Expansive listening, while challenging, is a way to remind myself to listen with curiosity, with humility, and with a sense of possibility. I admit, it starts out a bit forced when you slow down in a conversation long enough to ask questions like, “Tell me more about why you feel that way,” or “What other solutions did you consider?” But I have been diligently working on this in my adult conversations.
Fast forward to a moment that I had last week. I was arriving at lunch at the same time as a group of fourth graders. Typically, fourth graders are more focused on getting an advantageous spot in the lunch line at a moment like this, but on this occasion, one fourth grader spotted me and launched right into a conversation that started with the following:
“Ahhh, I have been wanting to talk to you about something. I have an idea,” she said.
Every educator loves it when a student has an idea. I was eager to hear what she had to say, so as we walked, she began her pitch. “I think Shore should have an eternal food fight.”
I wrote that every educator loves it when a student has an idea, but let me be clear that some student ideas are better than others in the eyes of grown-ups—and I am sure that you do not have to work hard to know in what category an idea like “eternal food fight” should go.
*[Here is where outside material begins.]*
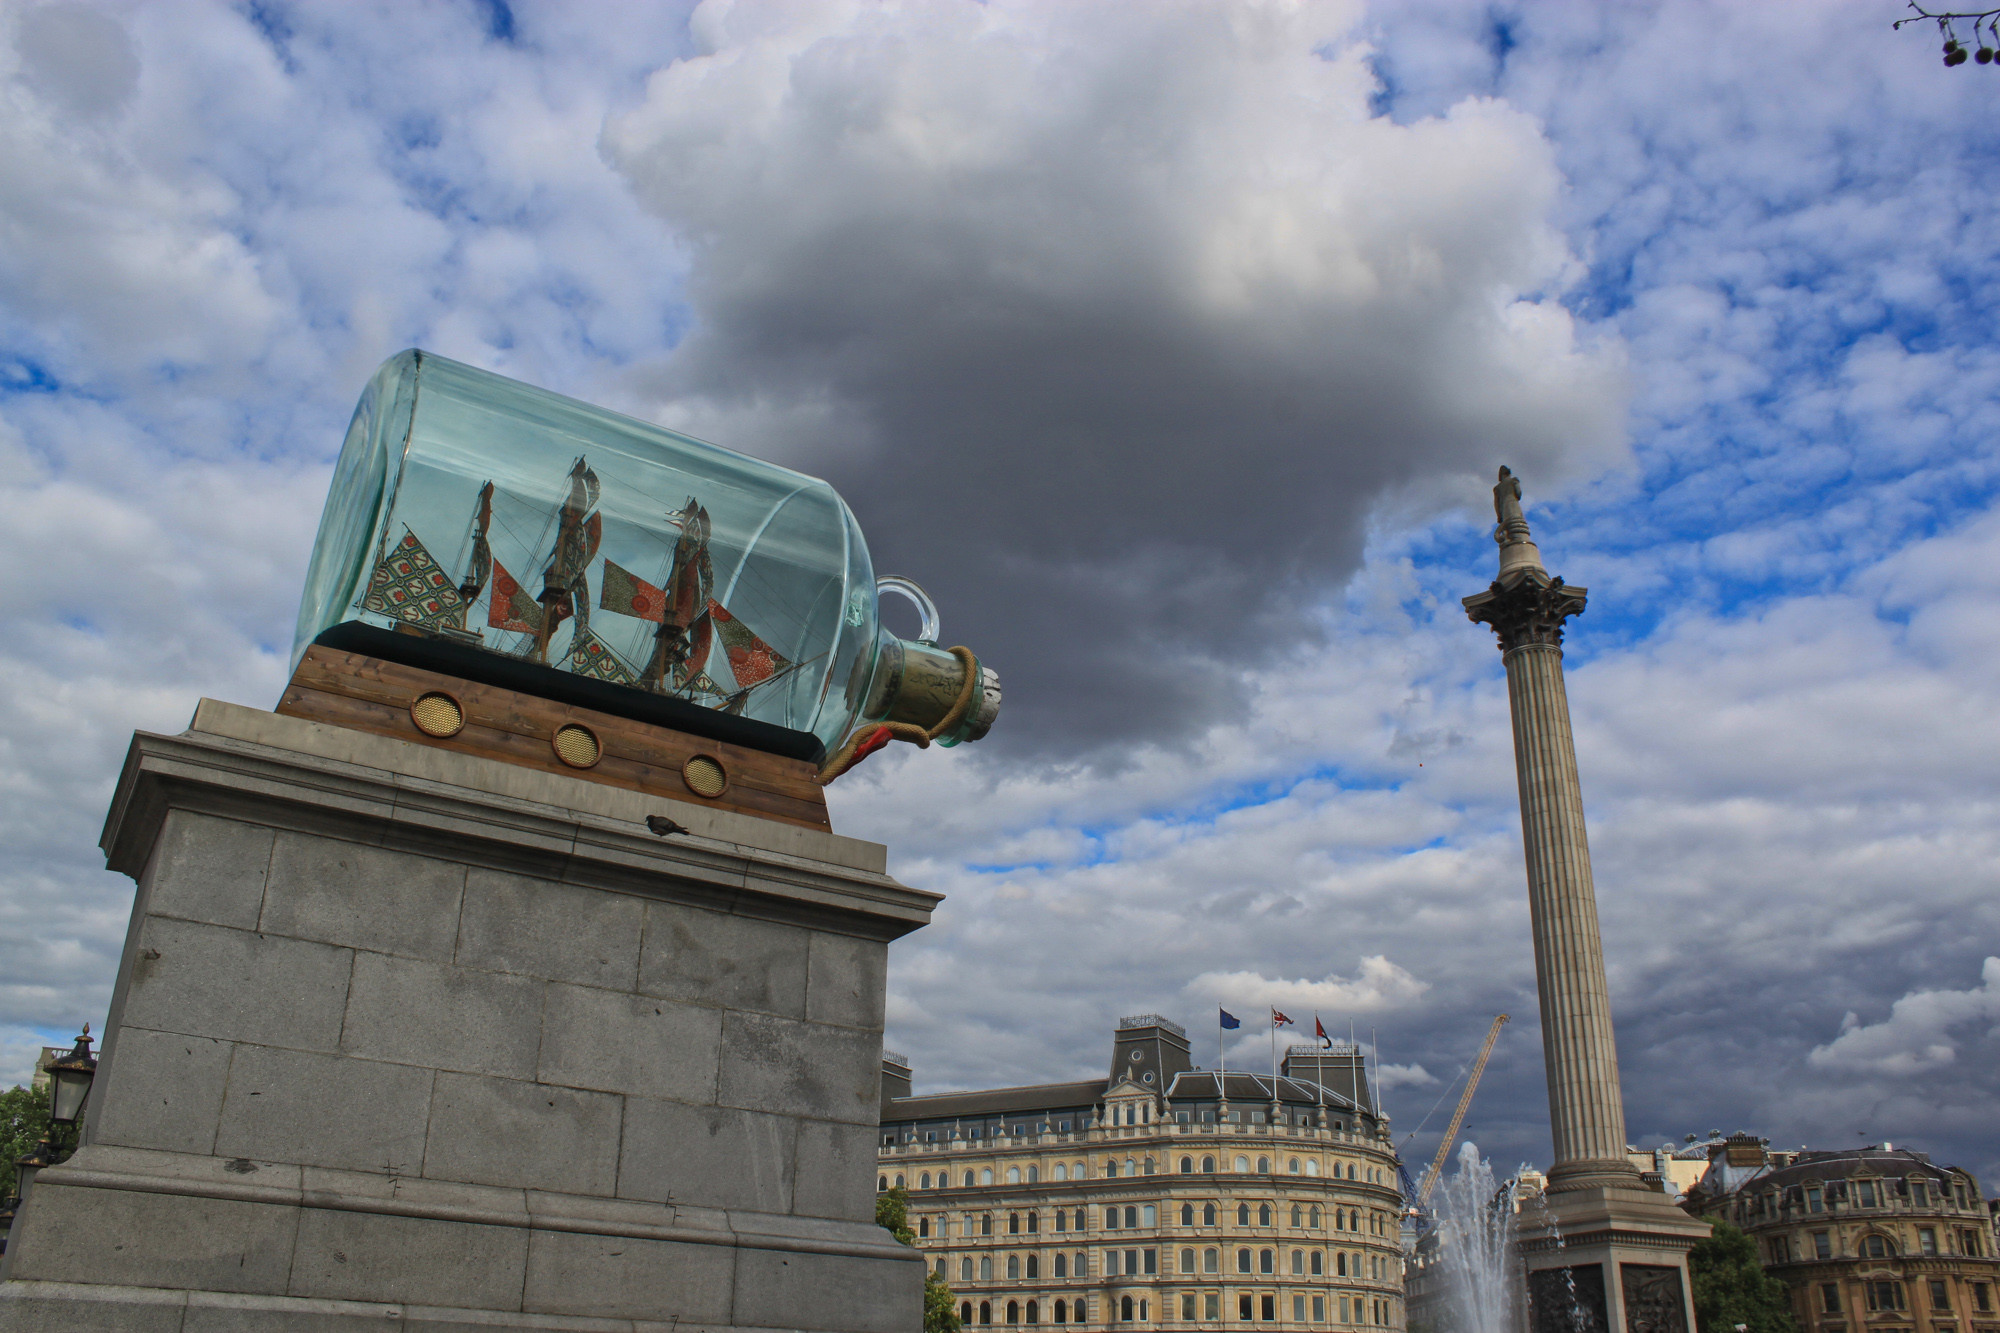 Photo of Fourth Plinth, Trafalgar Square, London by Andy Hay

But instead of summoning the predictable grown-up response listing the 101 ways an eternal food fight would not be safe, or tidy, or appropriate, or even possible—yours truly decided to practice a bit of expansive listening.
Me: “Tell me more about what you mean by eternal?”
Student: “Well, not eternal, just all day.” (Because to a fourth grader all day is an eternity.)
Me: “How would you see this working?”
Student: “We would just gather all kinds of food and find ways to throw it.”
Me: “Uh-huh,” (you use uh-huh and other strategies in expansive listening when you are trying to buy time), “and why did it occur to you that we should consider doing this?”
Student: “Because I have never, ever been in a food fight.”
This entire exchange took about 60-90 seconds and ended quickly when we arrived in the Servery. But it is still with me because of what I noticed afterwards. If I hadn’t used expansive listening:
- I wouldn’t have been reminded that a full day in the eyes of a child can feel like an eternity.
- I would have missed the opportunity to step into this student's world and see things from her perspective.
- I would have missed the challenge of wondering if there really is a way to entertain something crazy like that here at school.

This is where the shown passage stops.